民主党のマニフェストが出た。これを見ると民主党はアベノミクスのインフレ政策を止めてデフレ政策にしようとしているように見えるのだが、そうなのだろうか?
経済政策に的を絞ると、
・日銀に異次元緩和を止めるように要請
・公共投資を削減
・成長戦略を重視
とある。
アベノミクスの3本の矢のうち、実際に効果を生んでいる第1の矢と、第2の矢を止めて、効果が出ていない第3の矢に注力するとある。それでは民主党の成長戦略はどういうものかというと、グリーン、ライフ、農林水産業、中小企業の重視とある。それ以外はコンパクトシティ(効果が出るまでに10年かかる)、NPO税制(小さな話)で目玉とは呼べない。消費税引き上げは延期して、福祉介護を強化、原発は止めて災害対策を打つ、TPPは脱退も辞さず、そして財政健全化は行うという。原発とTPP以外は自民党と同じだが、全体的にデフレに戻そうという政策に私には見える。
アベノミクスの特徴はインフレ政策である。そしてインフレ・円安にして企業競争力を高めようというのが自民党の政策なのだが、民主党はこれを止めてデフレ政策にしようというのだろうか。成長戦略が重要で今うまくいっていないことは誰もが認めている。しかし残念ながら、それが民主党のこの政策でうまくいくとは到底思えない。

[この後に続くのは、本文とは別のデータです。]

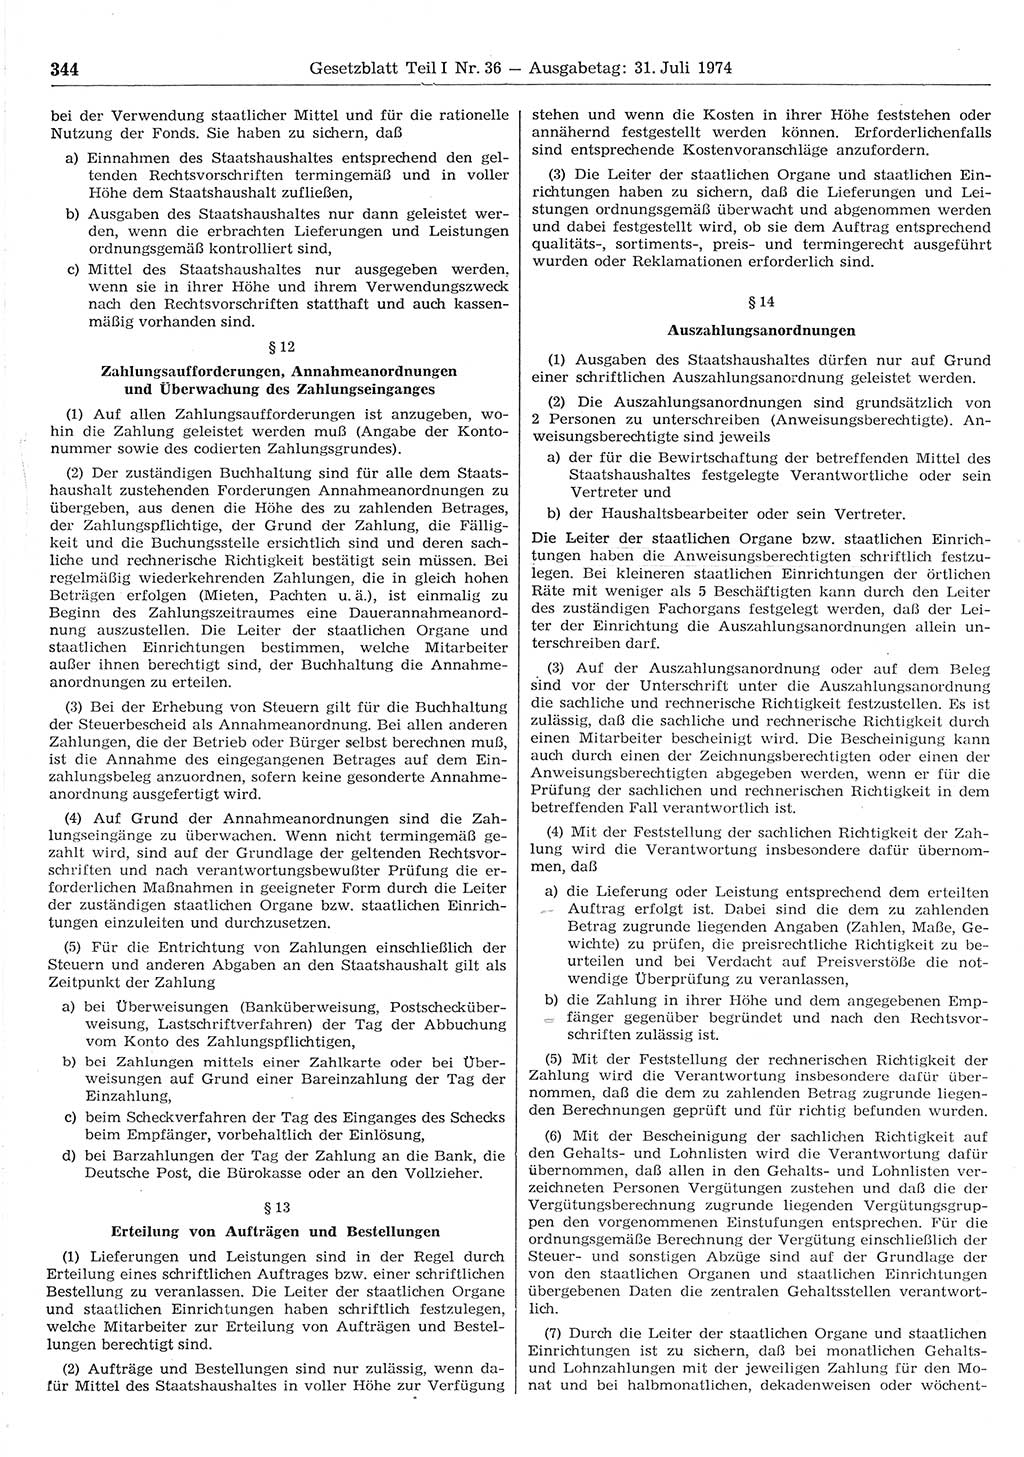 Gesetzblatt (GBl.) der Deutschen Demokratischen Republik (DDR) Teil Ⅰ 1974, Seite 344 (GBl. DDR Ⅰ 1974, S. 344)
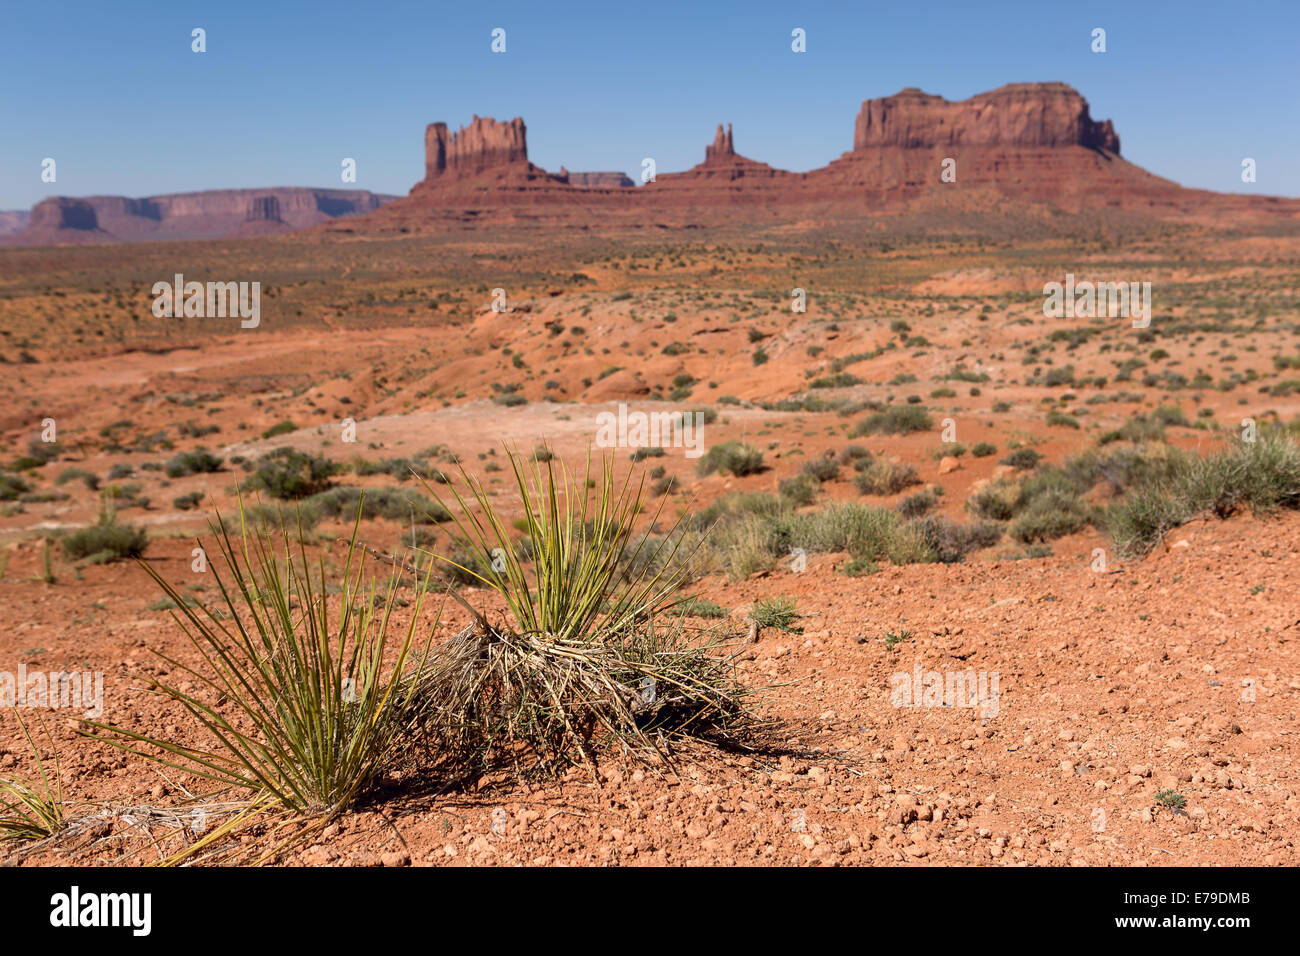 Yucca piante nel deserto con la Monument Valley tribal park in background Foto Stock

自民党は成長戦略がうまくいっていない現在、金融緩和と公共投資だけででも、強引にでもインフレを実現しようと思っていることは明らかである。インフレに誘導しようという政策が良いのか悪いのか、テレビの討論会などで徹底的に議論してほしいと思っている。
民主党は成長戦略の中核にICTを位置付けるとあり、この点には期待したいと思うが、おそらく中身は私が期待しているものとは違うだろう。民主党がデフレ政策なら争点がはっきりするのでそれでも良い。自民党側から「民主党はデフレにしたいのか」と問えば答えざるを得ないはずで、ぜひその点を選挙の争点にしてほしいものだと思っている。